━━━━━ Supplied material

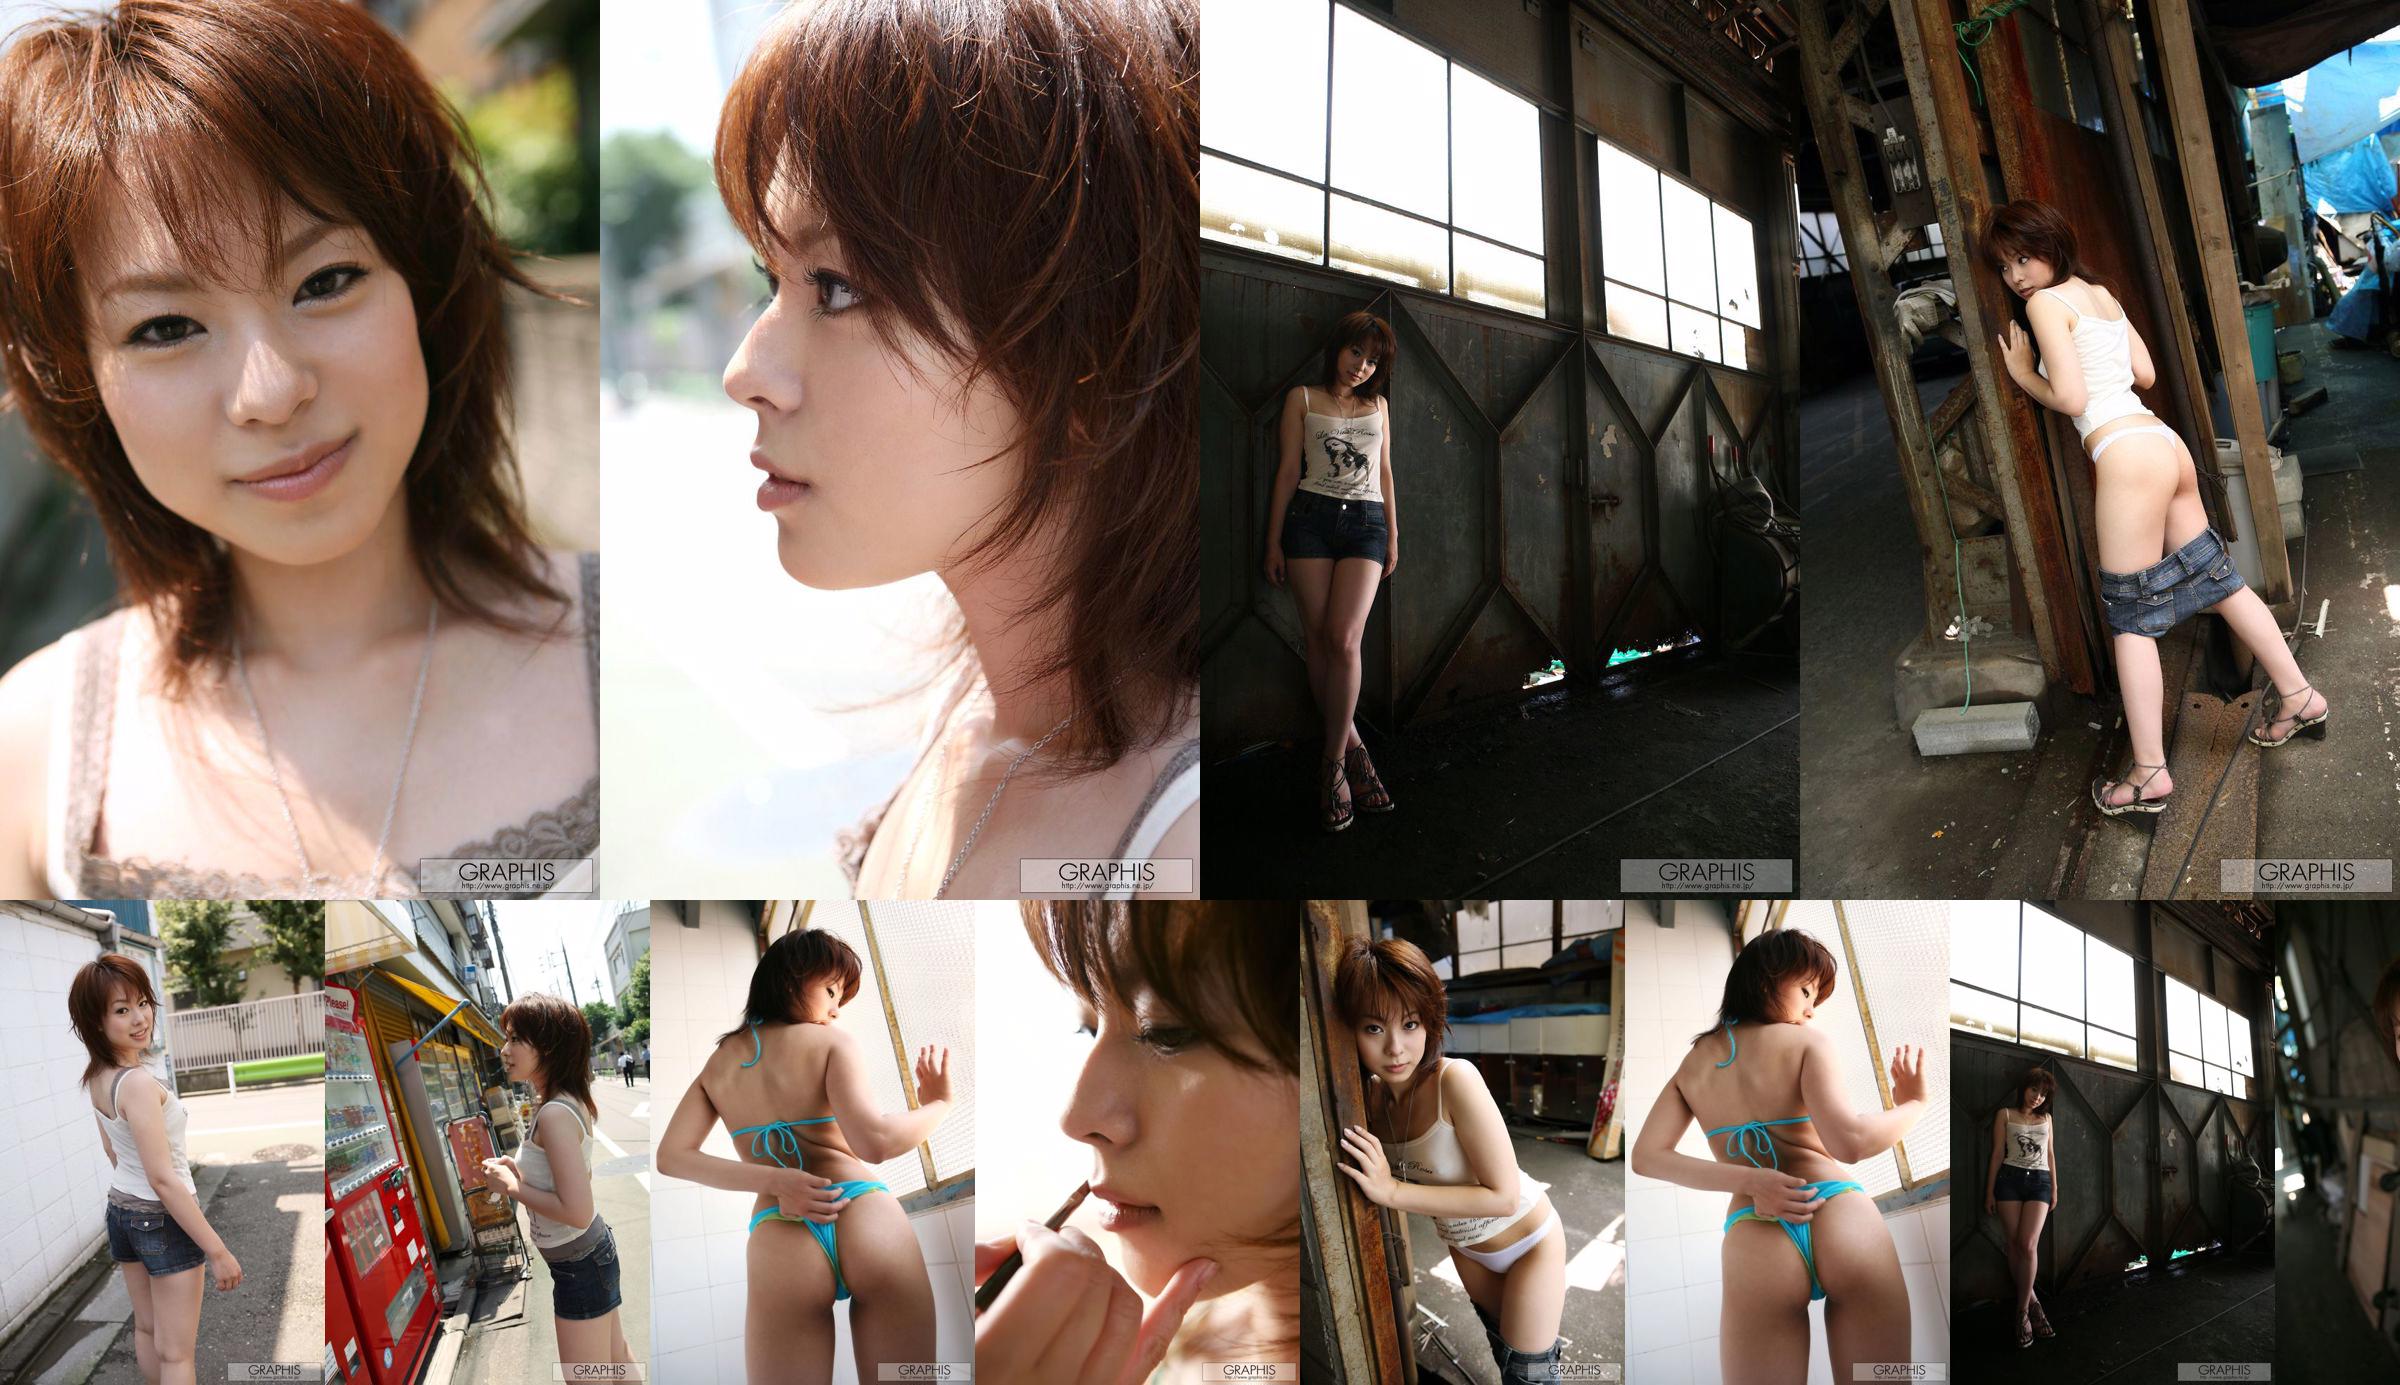 Mina Manabe Mina Manabe [Graphis] First Gravure First Take Off Daughter No.6e8486 หน้า 1
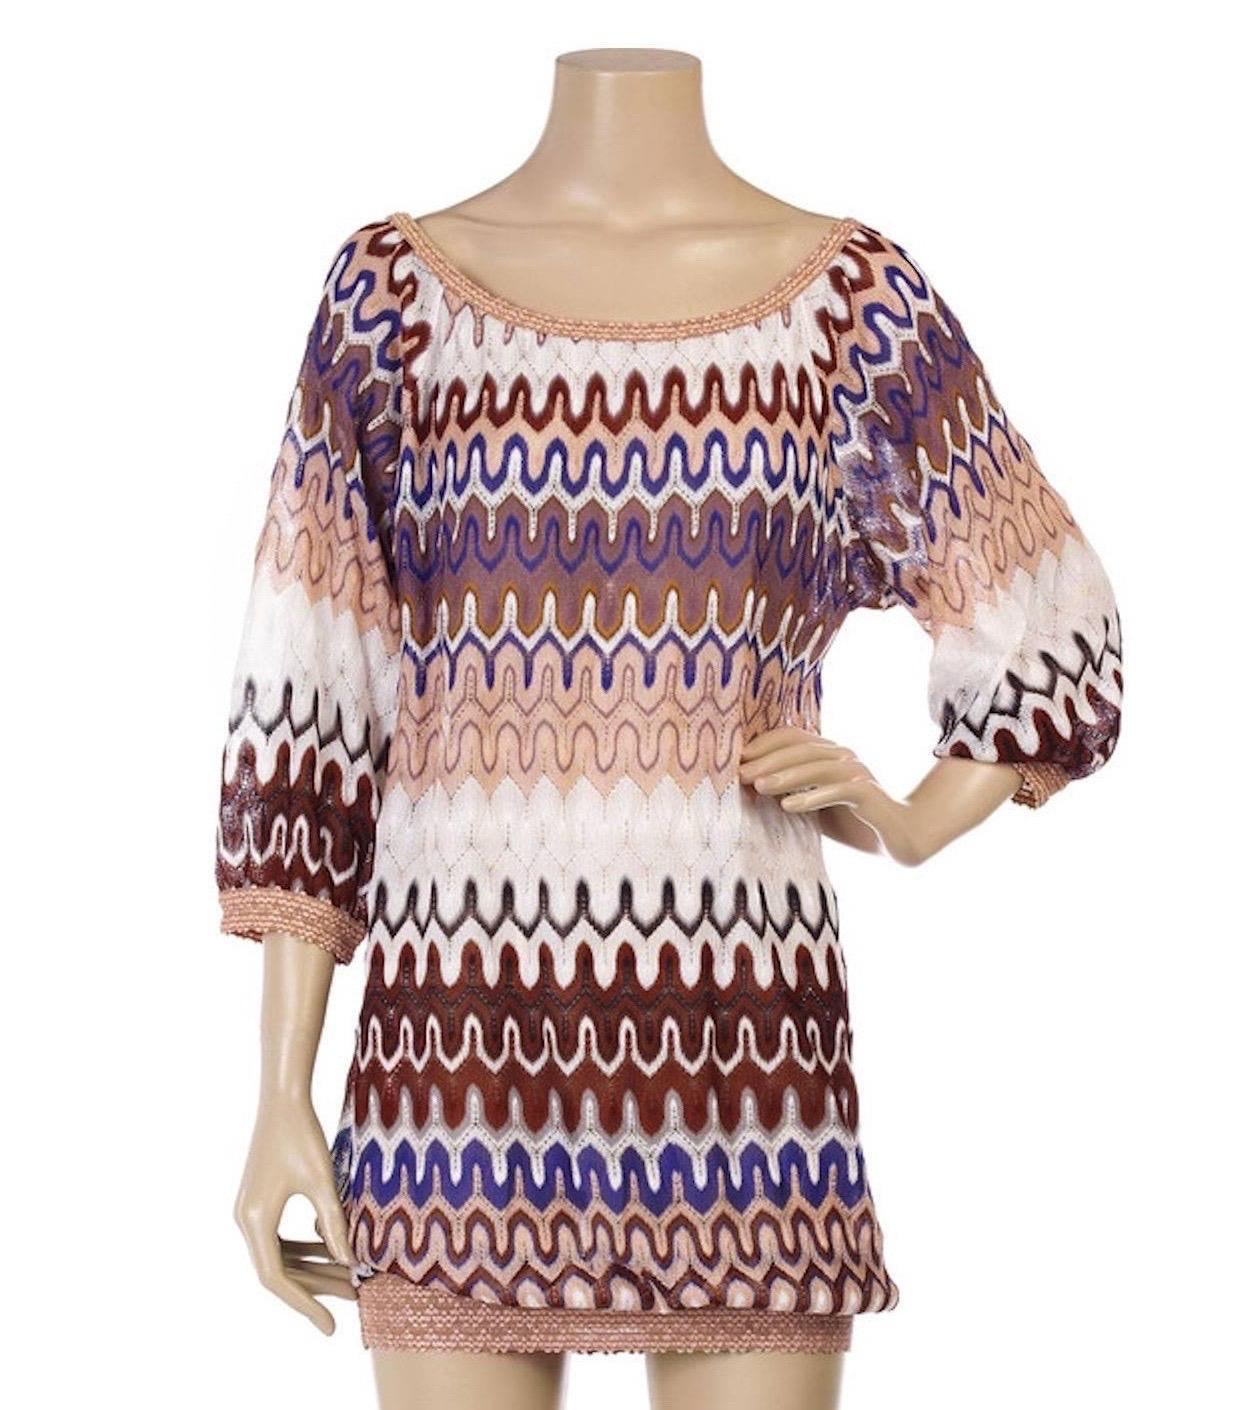 Stunning dress from MISSONI main line
Beautiful shades
Classic MISSONI signature zigzag crochet knit
Simply slips on
Bateau neck
Contrast trim
Elasticated neck and hem
100% Rayon
Dry Clean only
Size 40
New, unworn
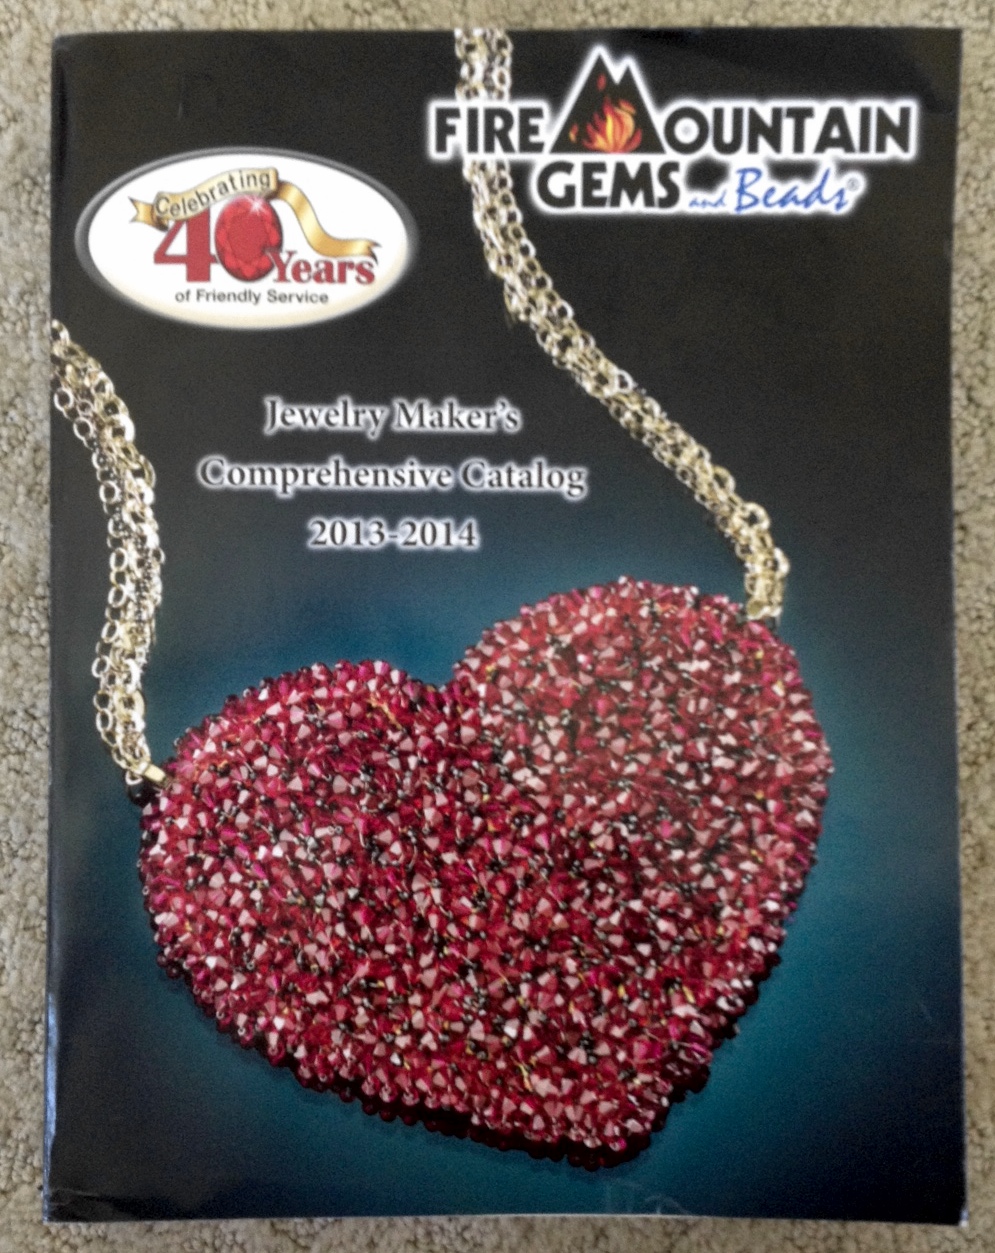 Jewelry Making Article - Everything You Need to Know About Jeweler's Saws -  Fire Mountain Gems and Beads

━━━━━━━━━━

## What this task involves
From the records above, copy each line that contains the word "neck".

## Solution to this exercise
Bateau neck
Elasticated neck and hem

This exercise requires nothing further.